For states that do not have short-time compensation programs, $100 million in grants will be given to states that enact such programs. The bill will fund 50% of the costs that such a state incurs in providing short-time compensation through December 31, 2020.

Finally, the bill requires the Department of Labor to disseminate model legislative language for states, provide technical assistance, and establish reporting requirements related to short-time compensation programs.

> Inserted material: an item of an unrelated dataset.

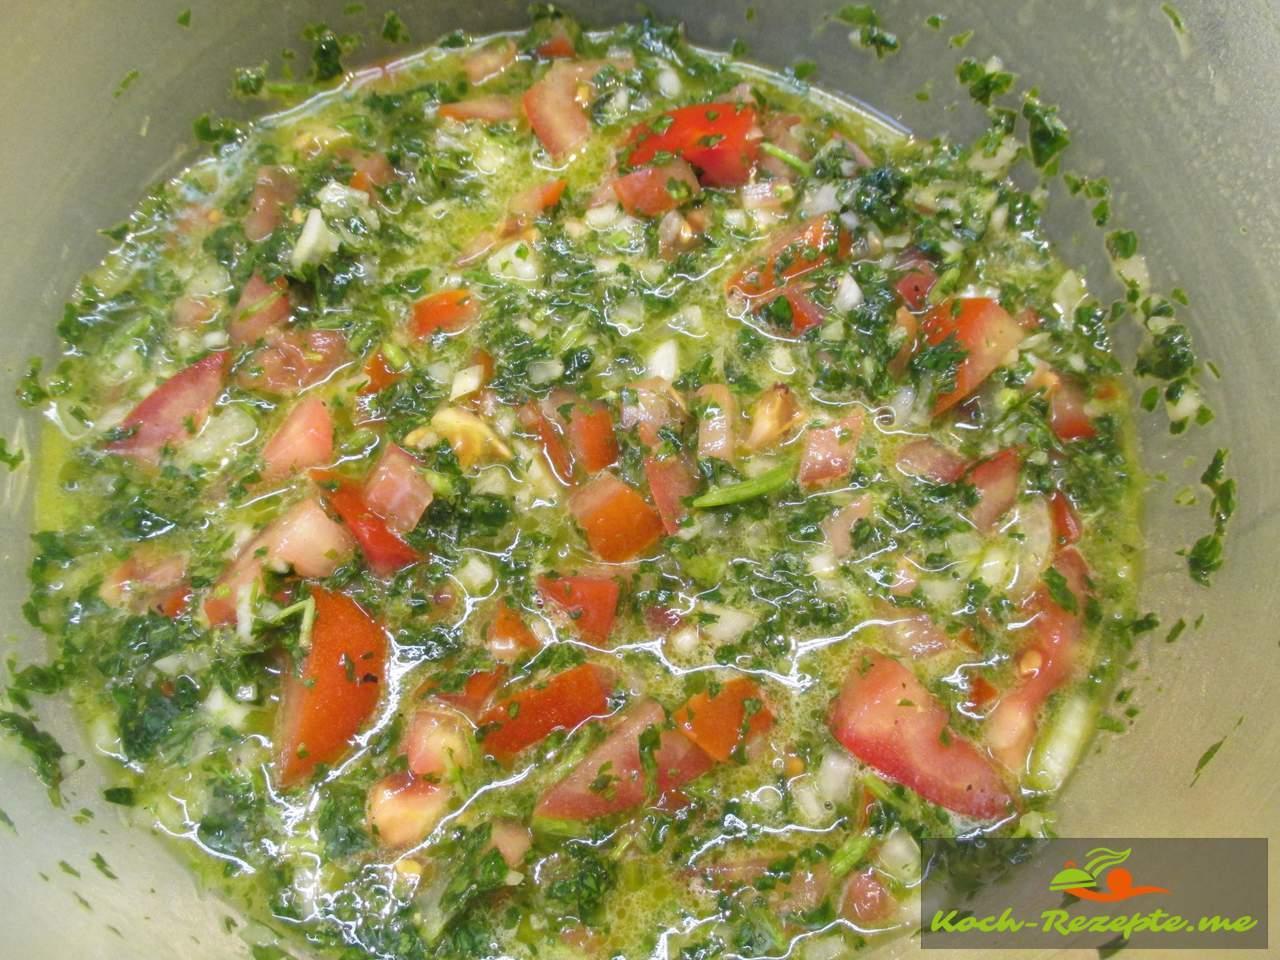 Kräuter, Tomaten und Zwiebelwürfel vermischen und ziehen lassen

Pandemic Unemployment Assistance for Self-Employed Workers, Independent Contractors, and Other Workers Who Traditionally Do Not Receive Unemployment Benefits

Section 2102 creates a temporary Pandemic Unemployment Assistance program, payable for up to 39 weeks of unemployment during the time period from January 27, 2020 through December 31, 2020, that provides “pandemic unemployment assistance” payments to workers who were not traditionally eligible for unemployment benefits (self-employed, independent contractors, those with limited work history, those who have exhausted regular unemployment or extended pandemic benefits under Section 2107, and others not eligible for regular state or federal unemployment benefits) who are unable to work as a direct result of the coronavirus public health emergency. This benefit is limited to 39 weeks, and is available to eligible employees of employers of any size.

Emergency Unemployment Relief for Nonprofit Organizations, Government Agencies, and Indian Tribes

Section 2103 of the bill provides money for states to reimburse nonprofits, government agencies, and Indian tribes for 50% of the costs they incur through December 31, 2020 to pay unemployment benefits.

House Ways and Means Committee Guidance

The House of Representatives Committee on Ways and Means has published an FAQ providing more guidance about the CARES Act unemployment benefits available to individuals and employers. The guidance is available here

Recovery Rebates for Individuals

Eligible individuals, regardless of employment status, will receive payments from the IRS of $1,200 each ($2,400 for joint filers), plus $500 for each qualifying child of the taxpayer. These rebates are advances on credits to be claimed on the taxpayers’ 2020 tax returns that will be filed in 2021 and are limited based upon the taxpayer’s adjusted gross income (AGI), phasing out completely when AGI exceeds $99,000 for single taxpayers and $198,000 for married taxpayers.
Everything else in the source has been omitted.